BENİM DÖNEMİMDE BÜYÜK BAKIM TAMİR İŞİ OLMADI: İhalelere ait ise harcama yetkileri şöyledir: İhale yapılacak işlerle ilgili ödenek alınır. Bakım tamirat işleri ile ayrıyeten ödenek olur. Ölçüsüne biz karışmayız. Alt ve üst yapı tadilatları büyüklüğüne, muhtaçlığa, aciliyete göre olur. Bölge müdürlüğüne ihale yetkisi verilir, fakat onayı tekrar genel müdür yapar. Benim dönemimde büyük bakım tamir işi yapılmadı.

TEKNİK KONTROLÜ BİZ DEĞİL İLGİLİ SERVİS YAPAR: Çerkezköy-Kapıkule sınırının kapatılarak alt yapı çalışması yapıldığını hatırlıyorum. Kaza yeri sicilli bölge sayılır, inceleme o halde yapılır, direkt teminle yapılır. Daireye gönderilmek üzere idari süreç olarak onayımıza gelir, teknik kontrolü biz değil ilgili servis yapar.

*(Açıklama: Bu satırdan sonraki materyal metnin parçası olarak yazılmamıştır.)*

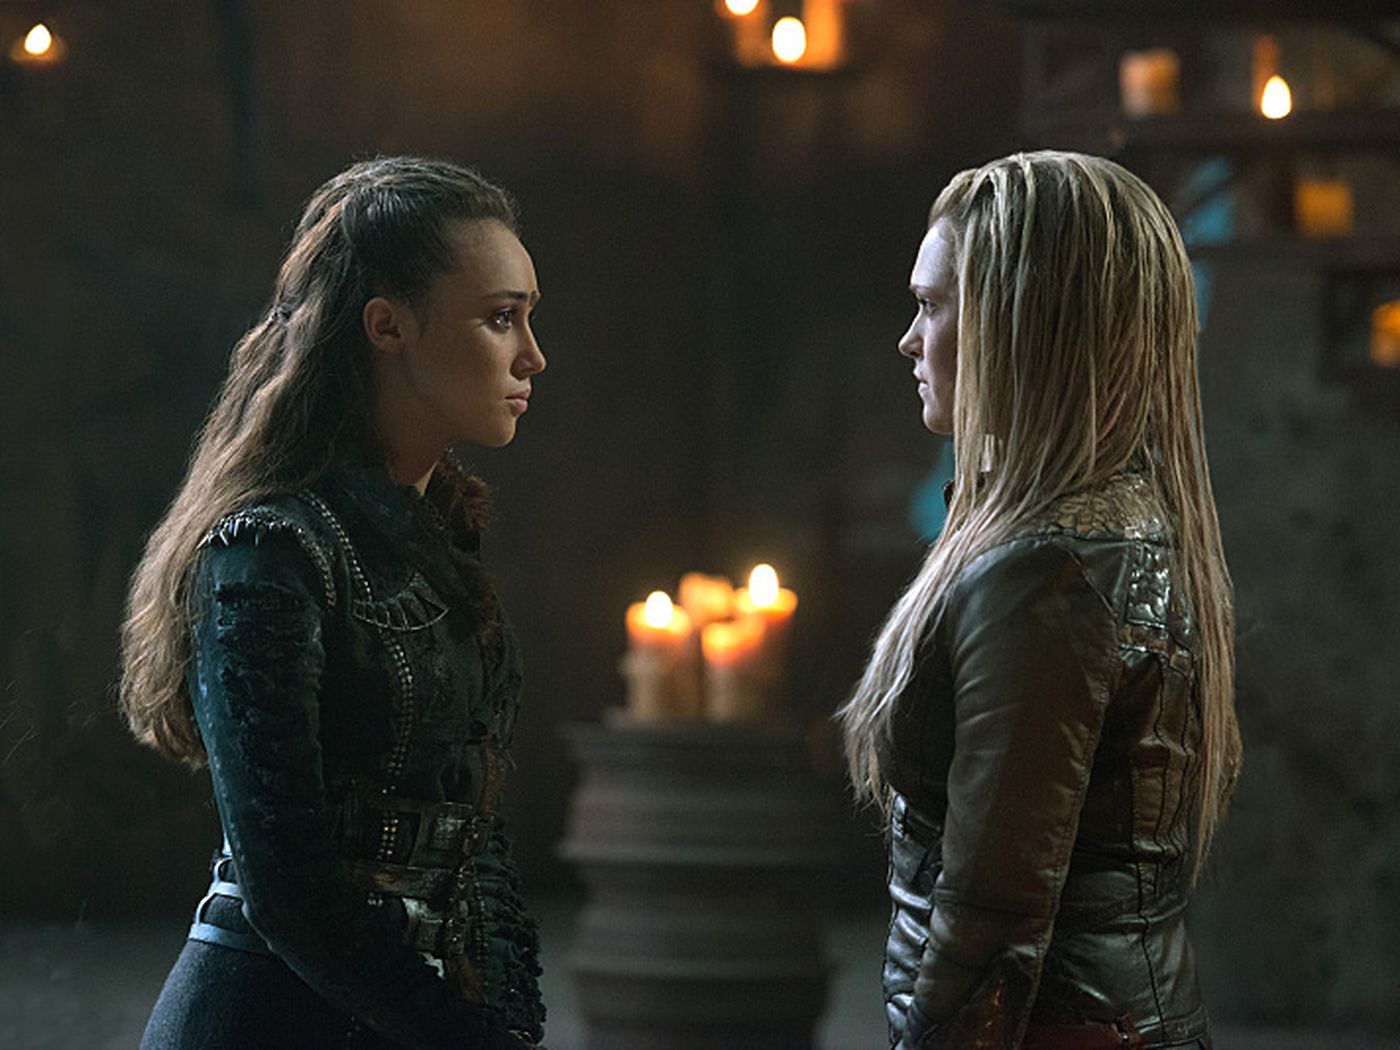 Lexa from "The 100" (left) poses with Clarke Griffin (right).

İHALE SÜRECİ BİTSEYDİ BİLE İDARİ SÜREÇ KAZADAN ÖNCESİNE YETİŞMEZDİ: 2018’de başlayan ihale süreci bitseydi, mart-nisan üzere ödenek gelir sonra ihale haziranın ortası ya da sonuna gerçek biterdi. İdari süreçler iki ayı bulurdu, kazadan öncesine yetişmezdi. Kazadan sonra işçi talebimiz oldu, kazadan önce Marmaray kapsamında birleştirilerek istenmiş olabilir, emin değilim. Ben üzerime atılı suçlamayı kabul etmiyorum, beraatımı talep ediyorum.”

DURUŞMAYA ORTA VERİLDİ

Sanıkların savunmaları ve avukatların sorularının akabinde mahkeme heyeti, duruşmaya bir saatlik orta verdi.